Nothing should appear in the answer except the lines below from the line containing "Italian chandelier with" through the line containing "Measures: Length 37.5", copied exactly, with pictures left out.

MATERIAL SUPPLIED →
════════
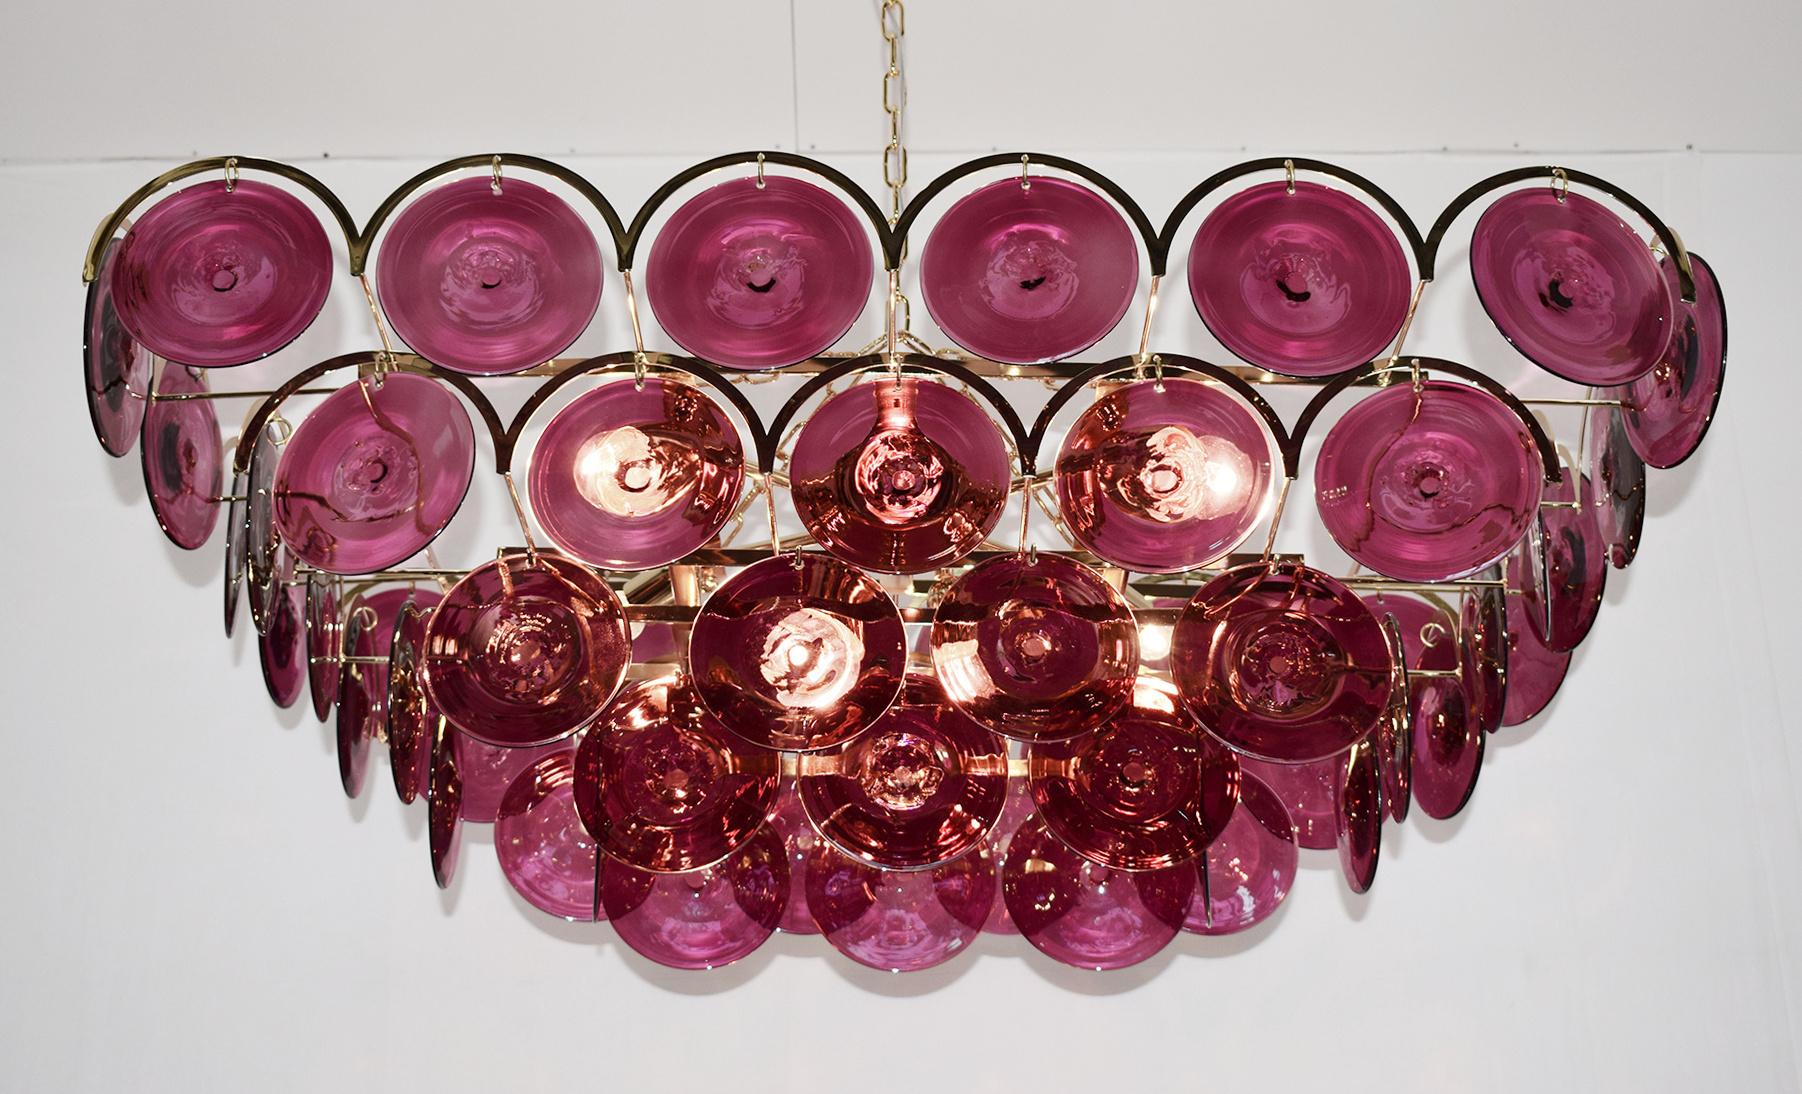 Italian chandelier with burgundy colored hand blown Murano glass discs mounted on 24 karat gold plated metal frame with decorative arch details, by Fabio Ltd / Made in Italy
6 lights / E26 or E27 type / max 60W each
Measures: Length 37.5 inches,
════════
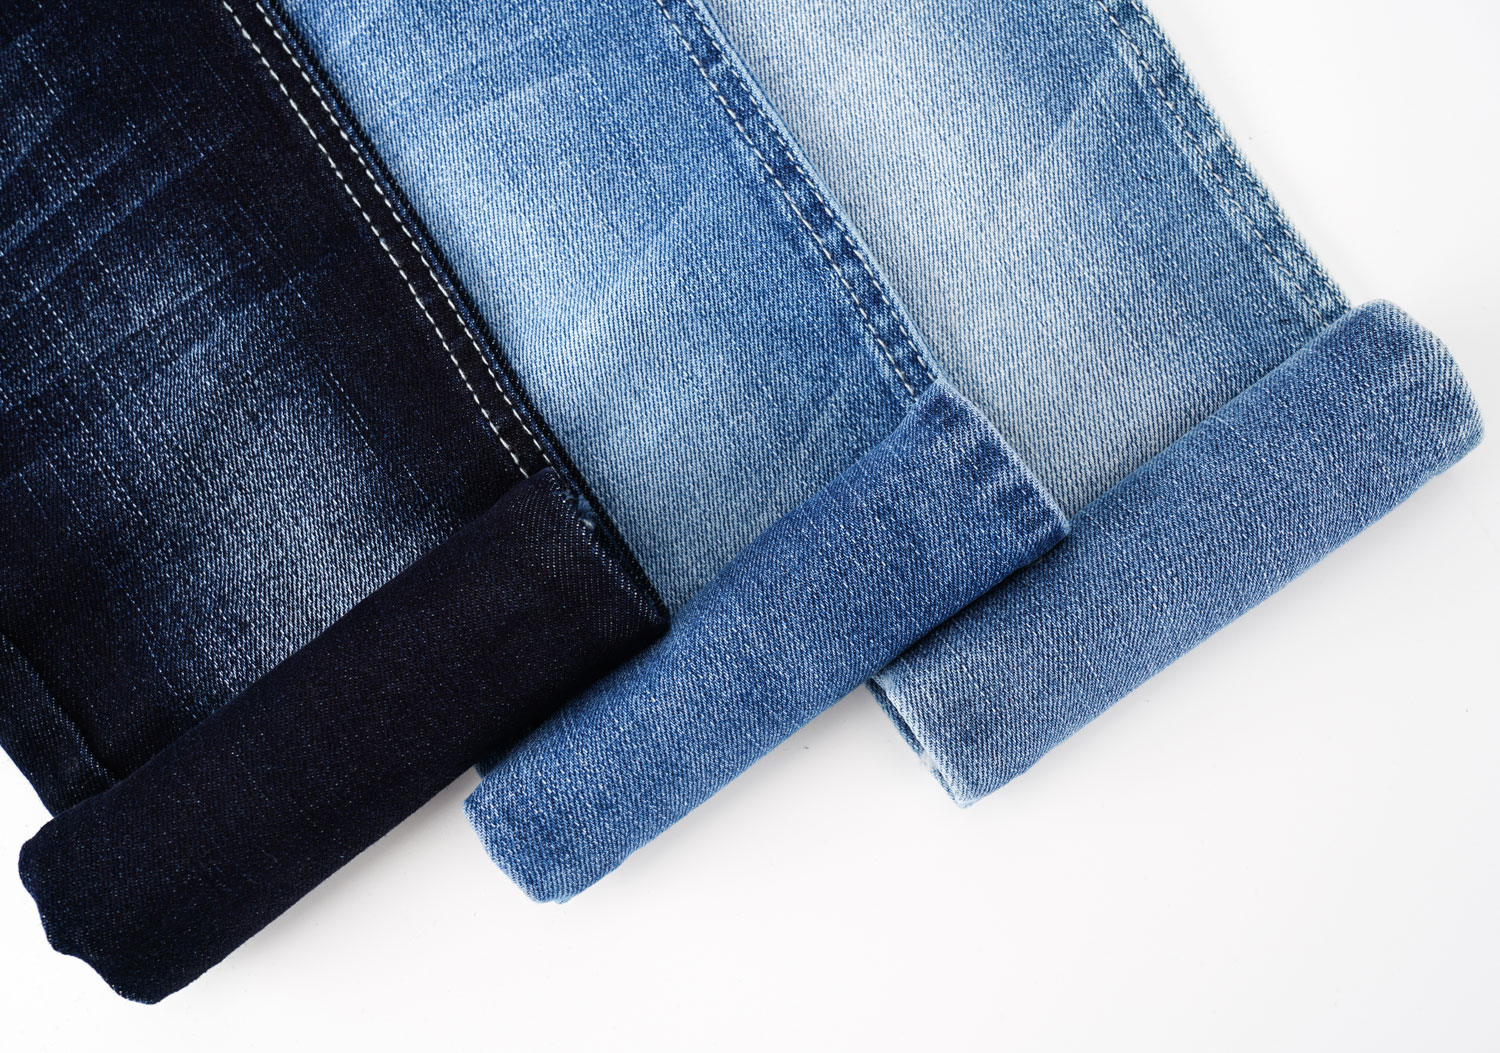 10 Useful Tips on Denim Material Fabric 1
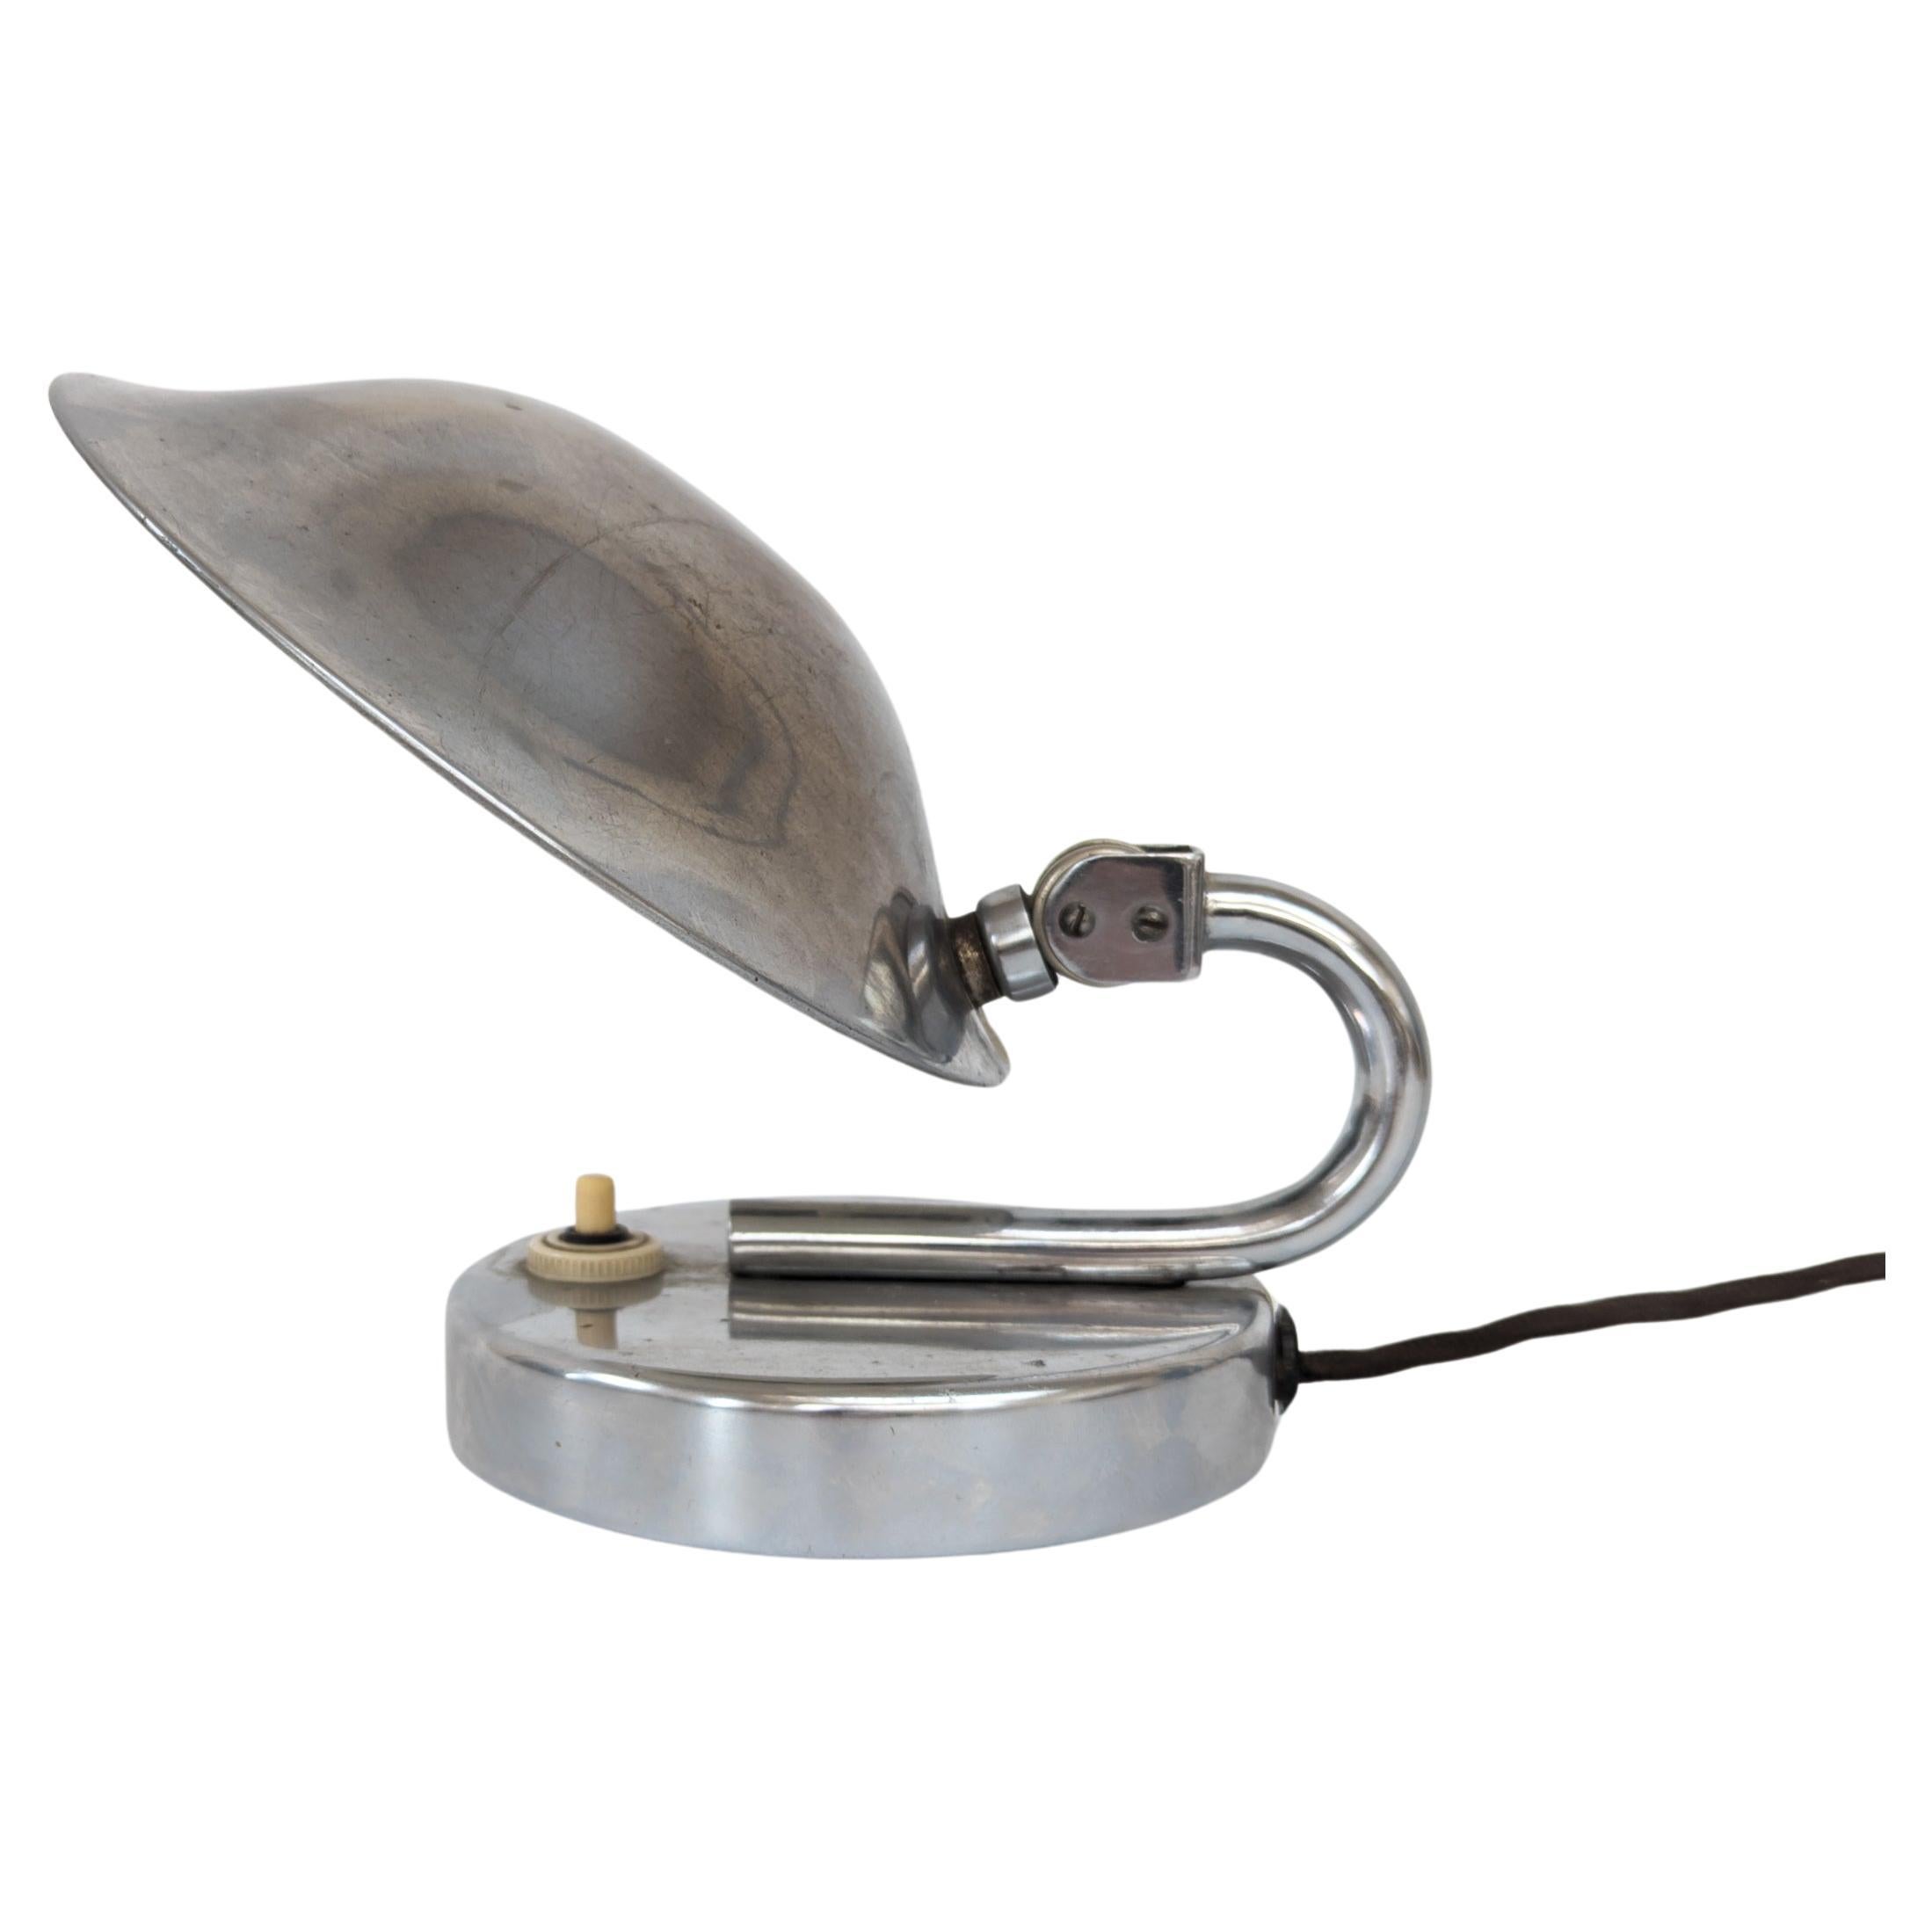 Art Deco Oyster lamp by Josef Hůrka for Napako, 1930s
════════
EXERCISE RESPONSE →
 Italian chandelier with burgundy colored hand blown Murano glass discs mounted on 24 karat gold plated metal frame with decorative arch details, by Fabio Ltd / Made in Italy
6 lights / E26 or E27 type / max 60W each
Measures: Length 37.5 inches,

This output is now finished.